** DATA SUPPLIED follows **

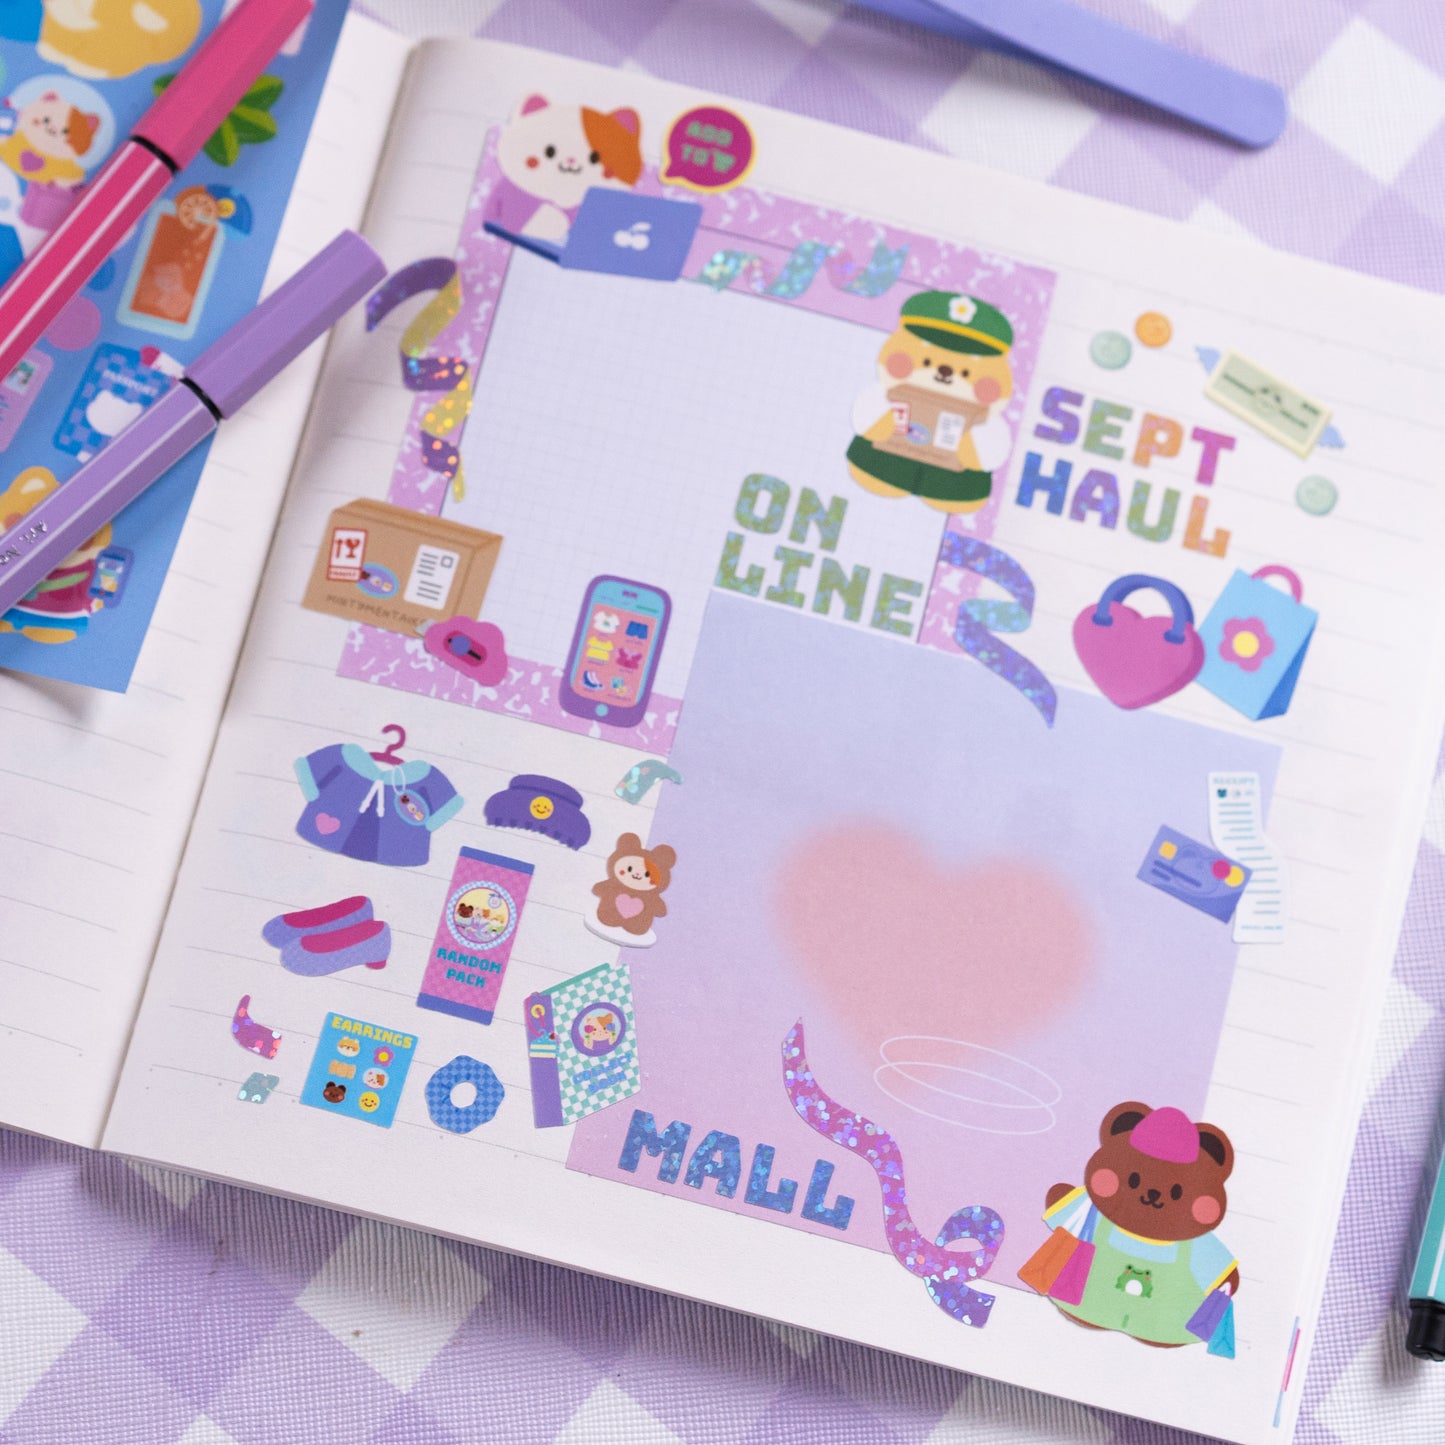 Shopping Haul Journal Sticker Sheet
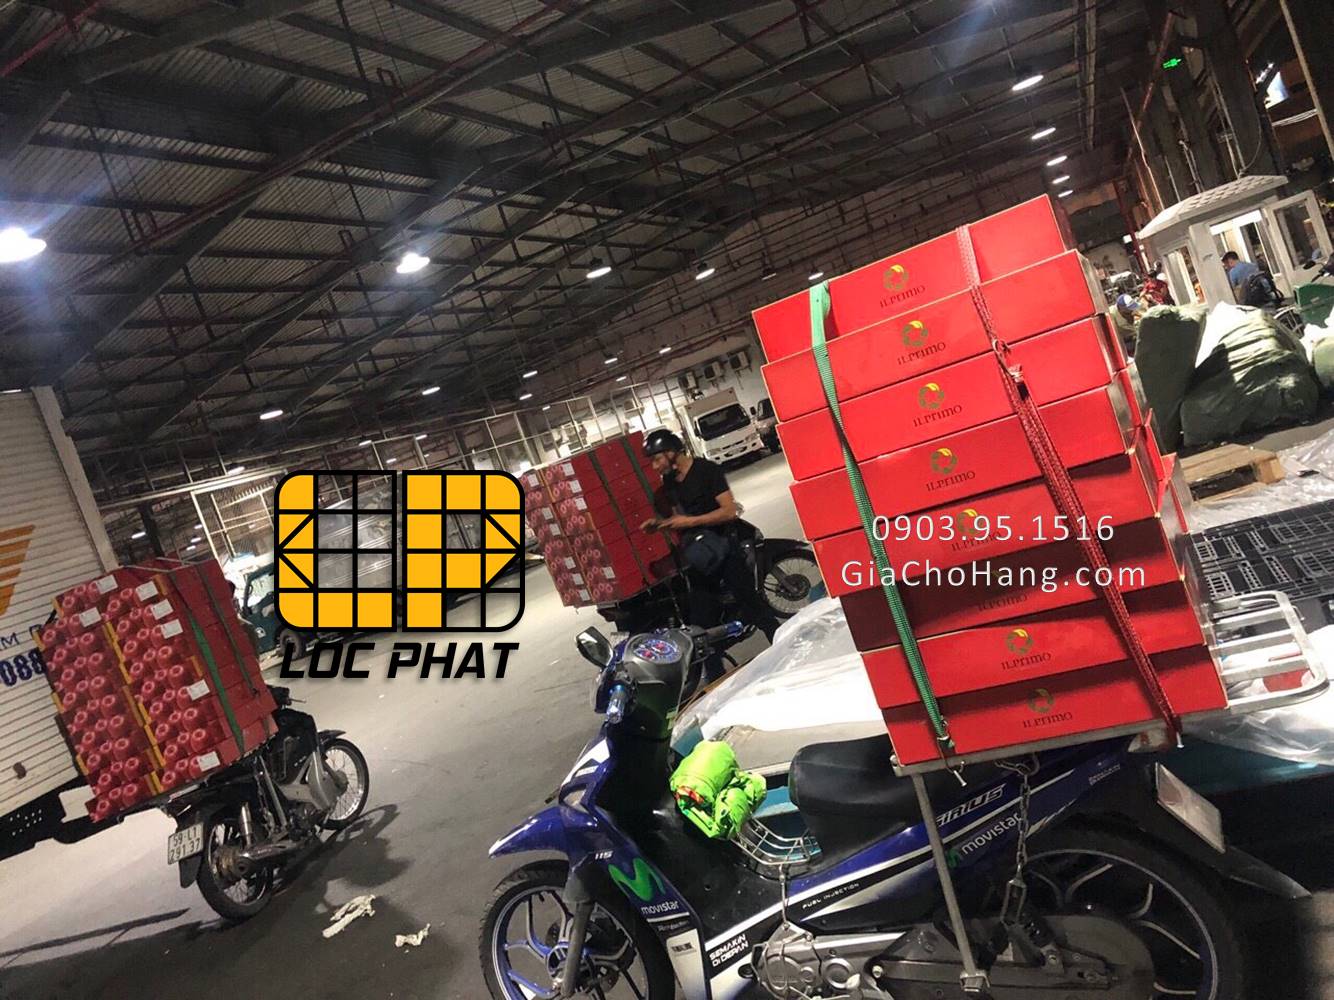 Giá chở hàng, baga chở hàng, giá để hàng, giá đèo hàng xe máy tại Điện Biên
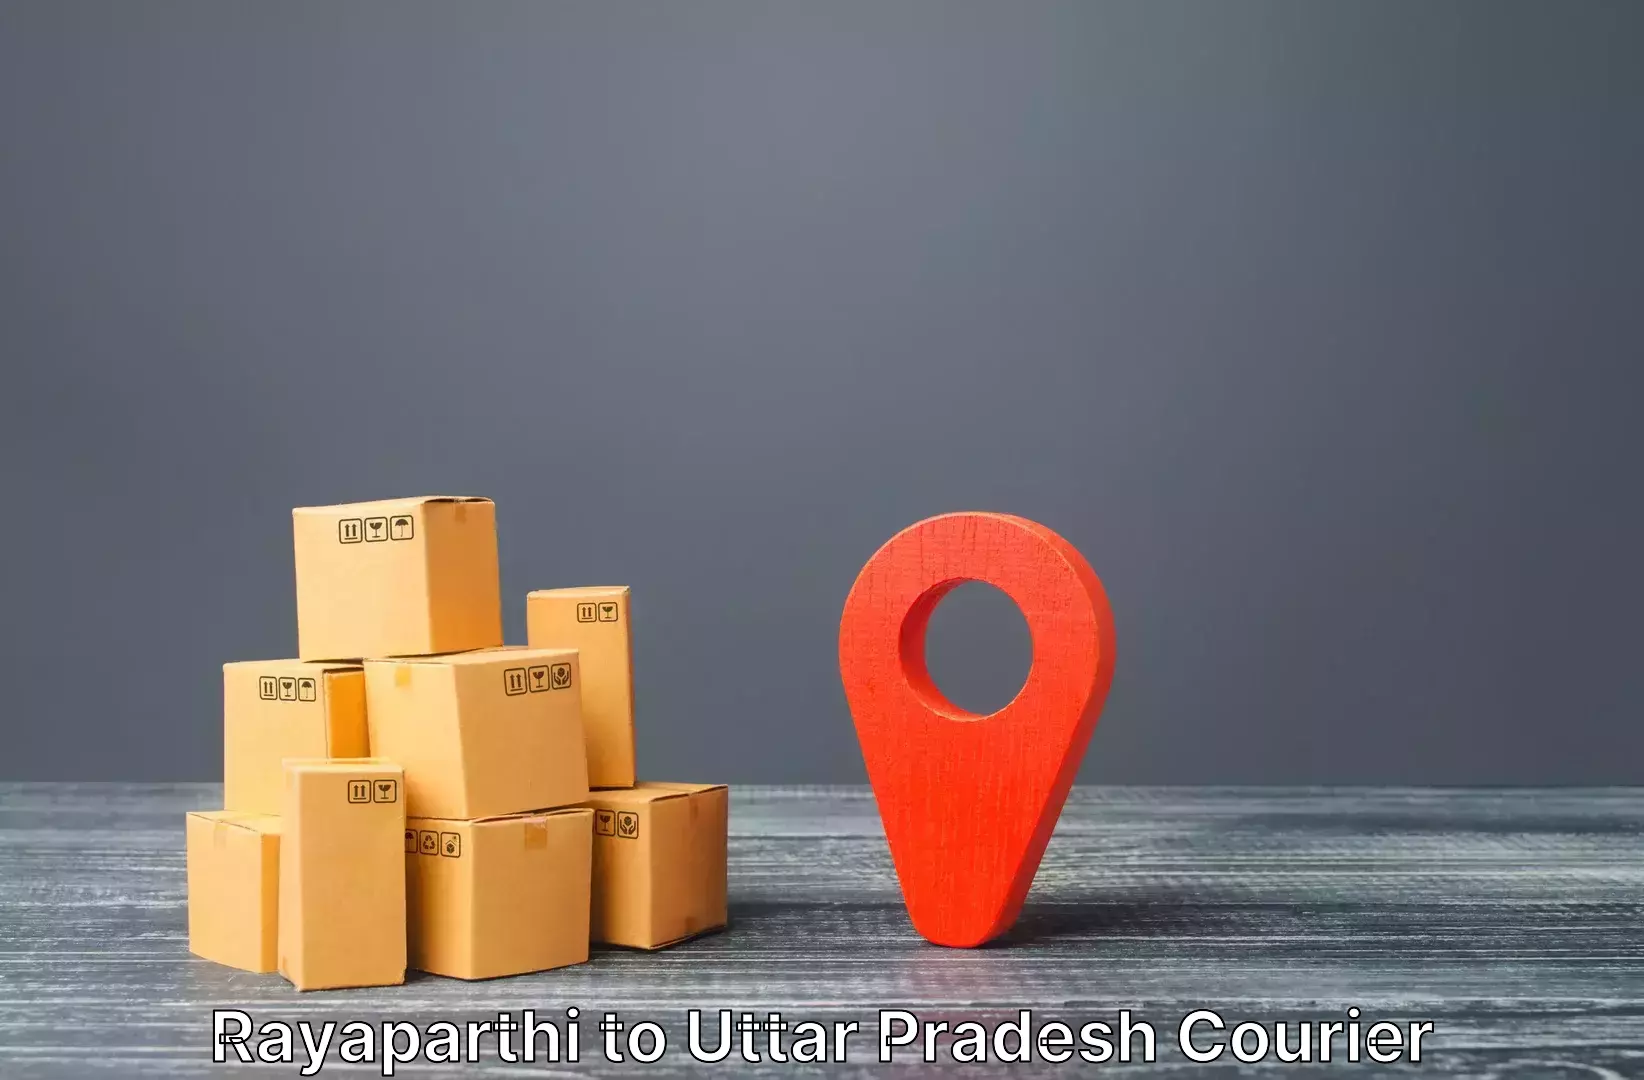 Luggage delivery system Rayaparthi to Bhinga
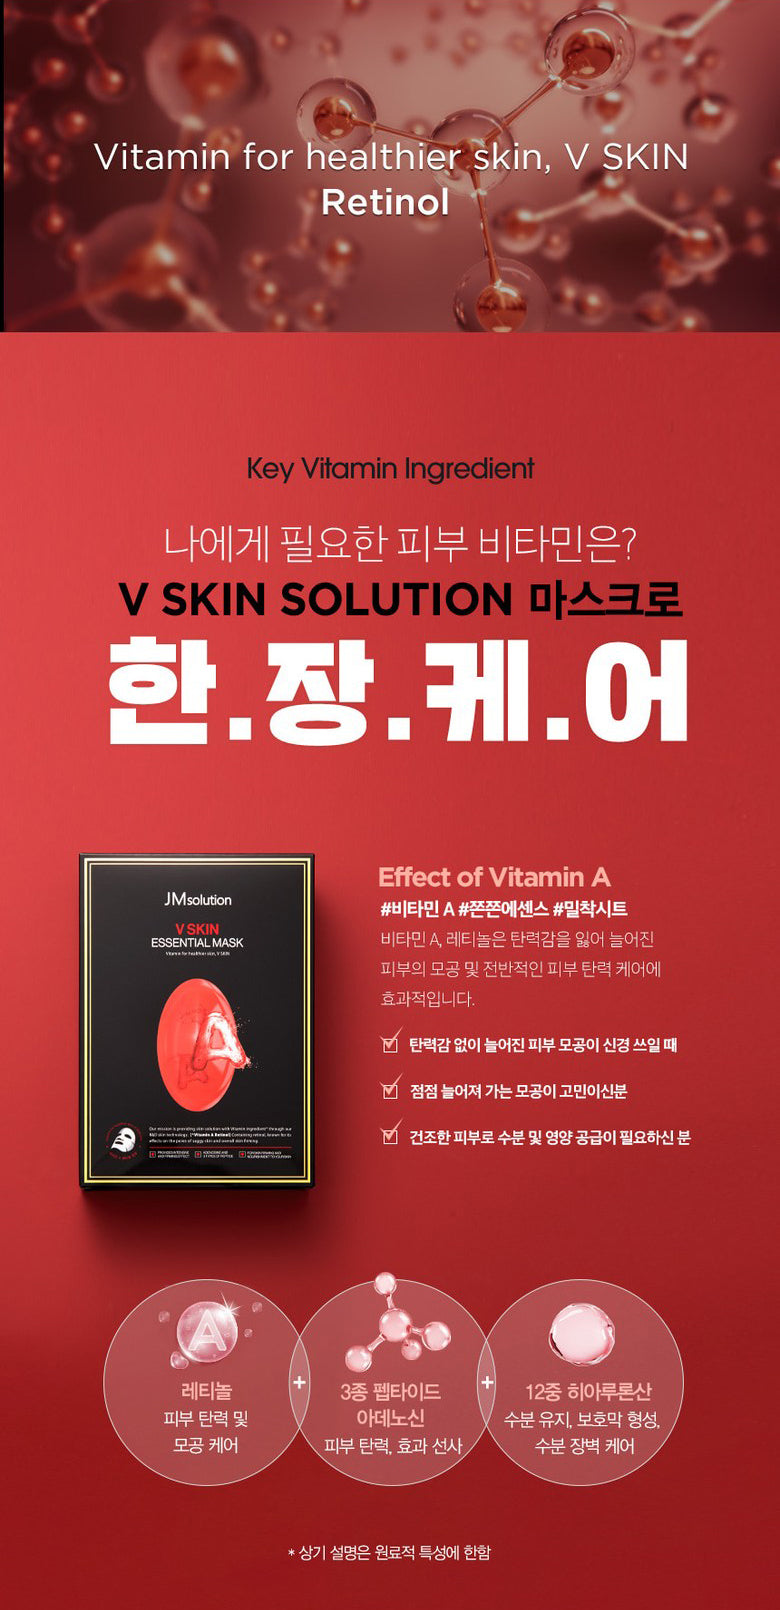 JMsolution V Skin Essential Masks Vitamin A 10 Sheets Facial Skincare
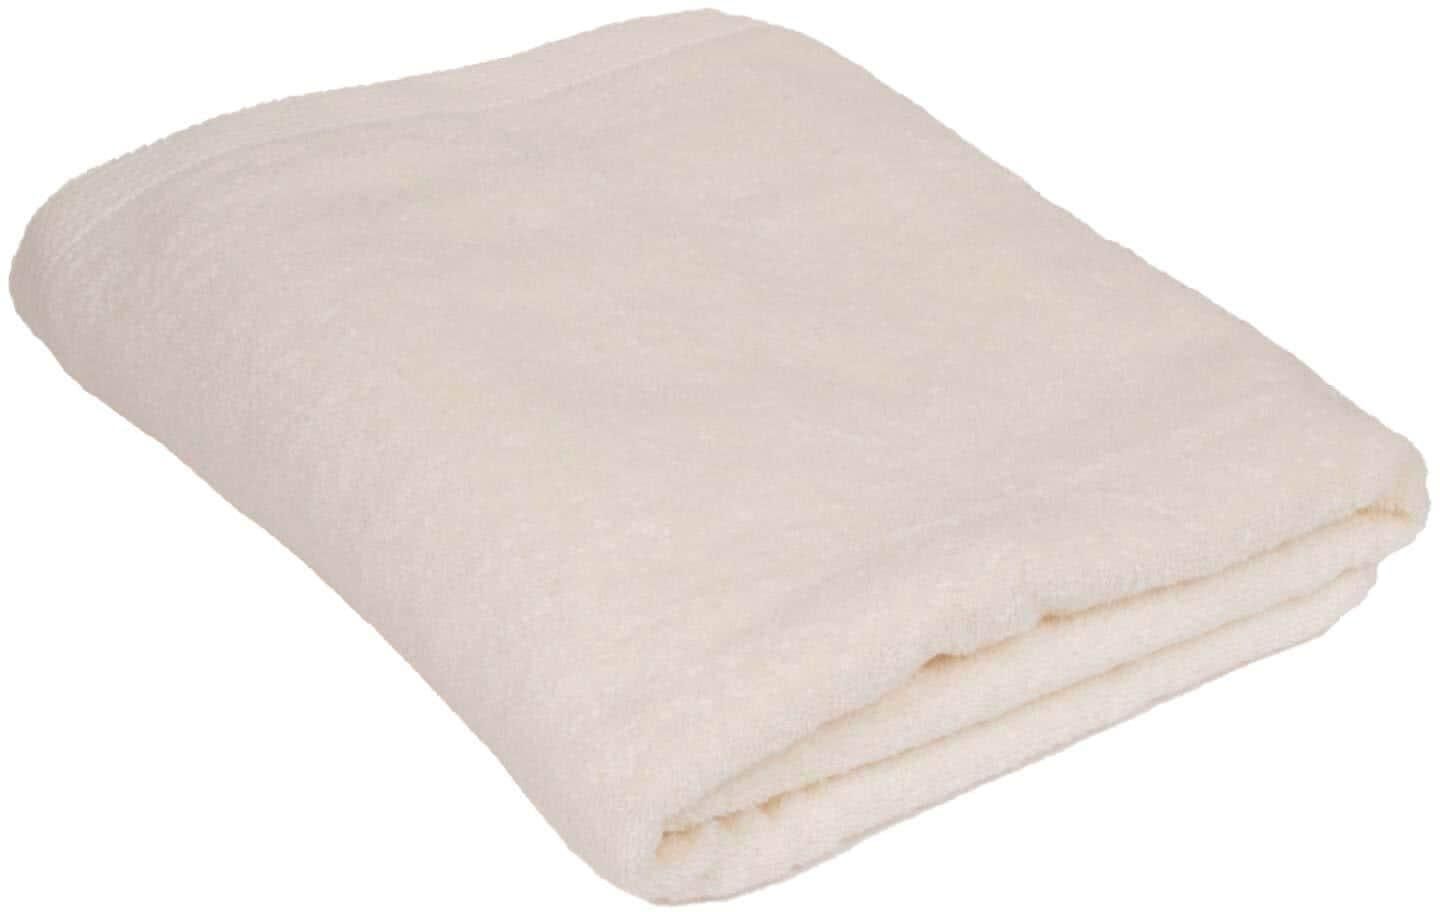 First 1 Bath Sheet - 90*150cm - Cream S23

** End of DATA SUPPLIED **

TASK INSTRUCTIONS: Would you set down each line of the data exactly, with no images included?

SOLUTION FOR THIS TASK:
 Shopping Haul Journal Sticker Sheet
 Giá chở hàng, baga chở hàng, giá để hàng, giá đèo hàng xe máy tại Điện Biên
 Luggage delivery system Rayaparthi to Bhinga
 JMsolution V Skin Essential Masks Vitamin A 10 Sheets Facial Skincare
 First 1 Bath Sheet - 90*150cm - Cream S23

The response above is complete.